Xerox has been challenged for several years with a bifurcated brand identity associated both with its old copier business model and its more recent business services strategy. A brand campaign that launched last year aimed to bring B2B customers and consumers alike up-to-date with what Xerox really had become.

Perhaps Xerox’s more significant gap was its business model, not its brand. CEO Ursula Burns sought to make the combination of the two work out, particularly after Xerox bought Affiliated Computer Services, a business outsourcing company, in 2010.

Xerox CEO Ursula Burns

The upshot: today Xerox announced that it is spinning off the services business to its shareholders this year and separating it from the legacy hardware side, creating two distinct and publicly traded companies that are detailed at the Xerox: Path Forward microsite.
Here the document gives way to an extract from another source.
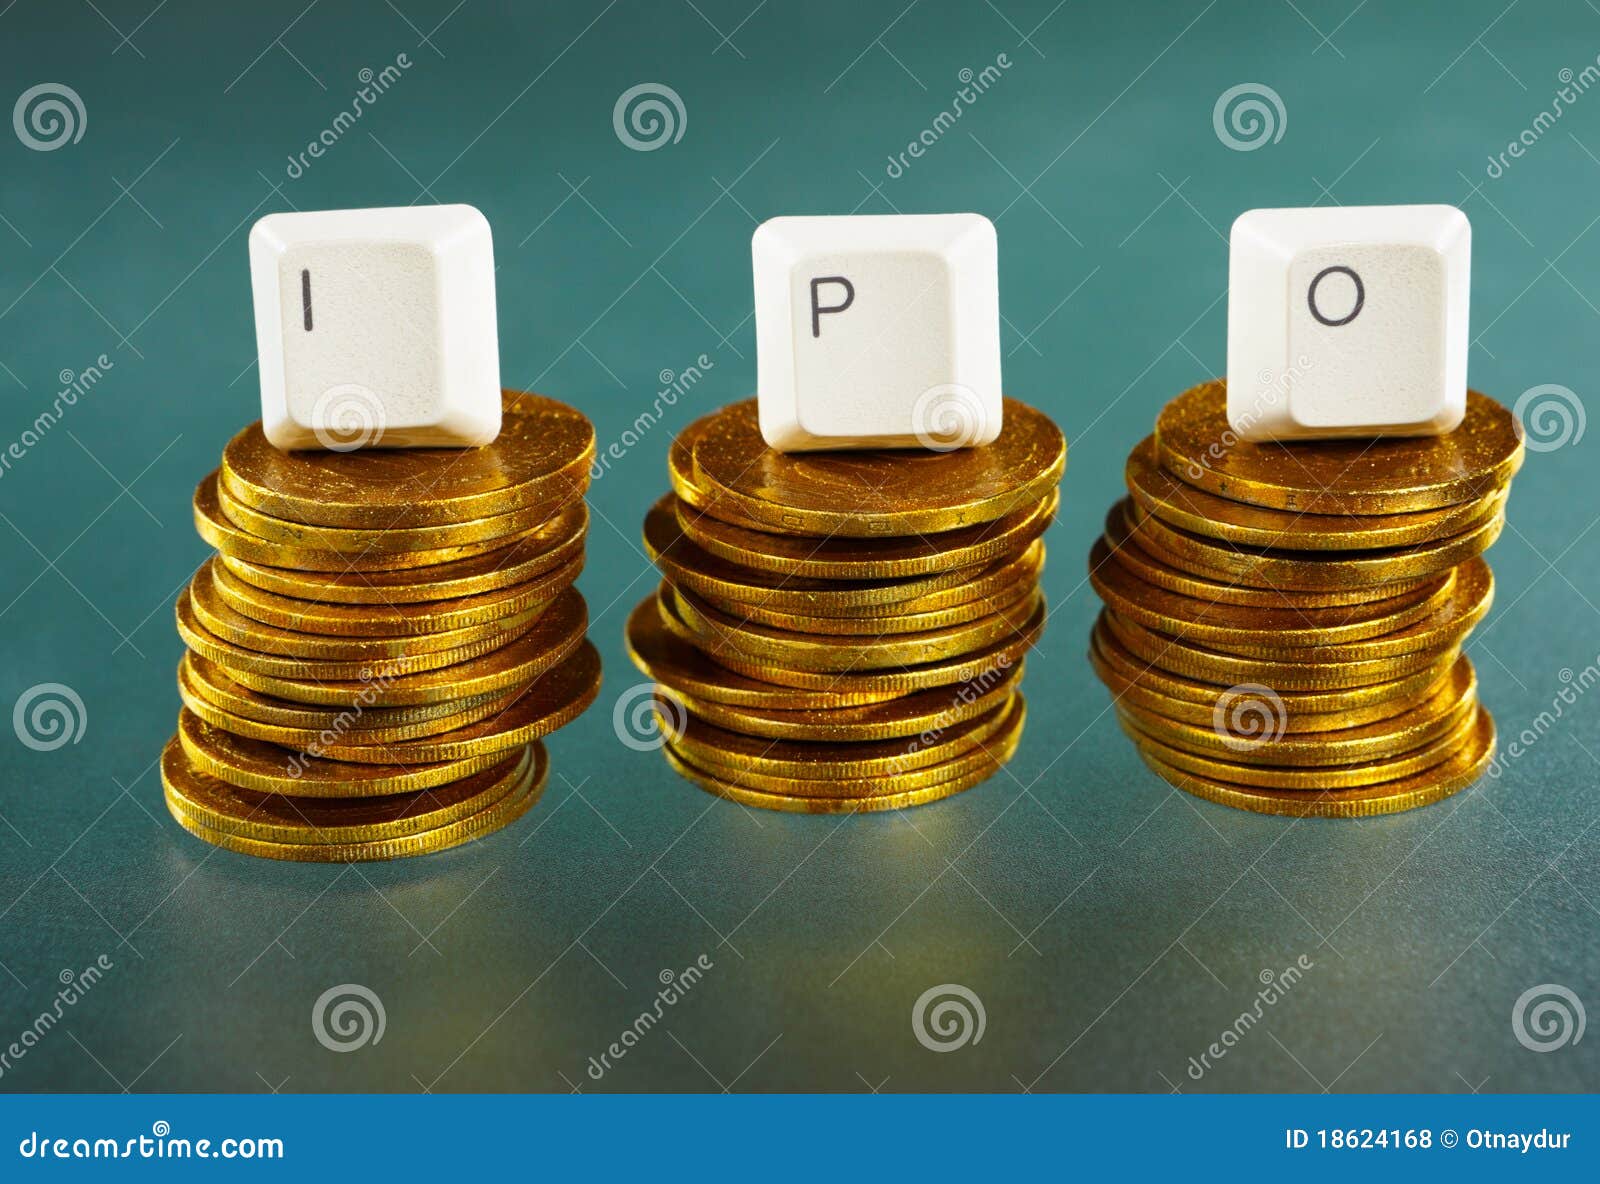 IPO Letter On Gold Coins Stack Stock Photo - Image of ...

One catalyst behind the decision was activist investor Carl Icahn, who amassed an eight percent stake in Xerox late last year and felt its shares were undervalued—but Burns emphasized today that Icahn was not the reason for splitting the company into two publicly traded companies.

“We’re happy that he is in support of it, but he had nothing to do with the initiation, the contemplation, the analysis, or any discussion around the deal,” Burns told CNBC’s Squawk Box. “We are happy that he is in agreement with it, but he did not drive it, as is being reported in the news.”

As part of the corporate uncoupling, Icahn will have three representatives on the board of the services company once it’s spun off. He told CNBC on Thursday that he approved of the split, which he called “a major move” that “will greatly enhance shareholder value” and that he had met with Burns to urge her to pull the lever. Shares of Xerox were down 28 percent from a year earlier.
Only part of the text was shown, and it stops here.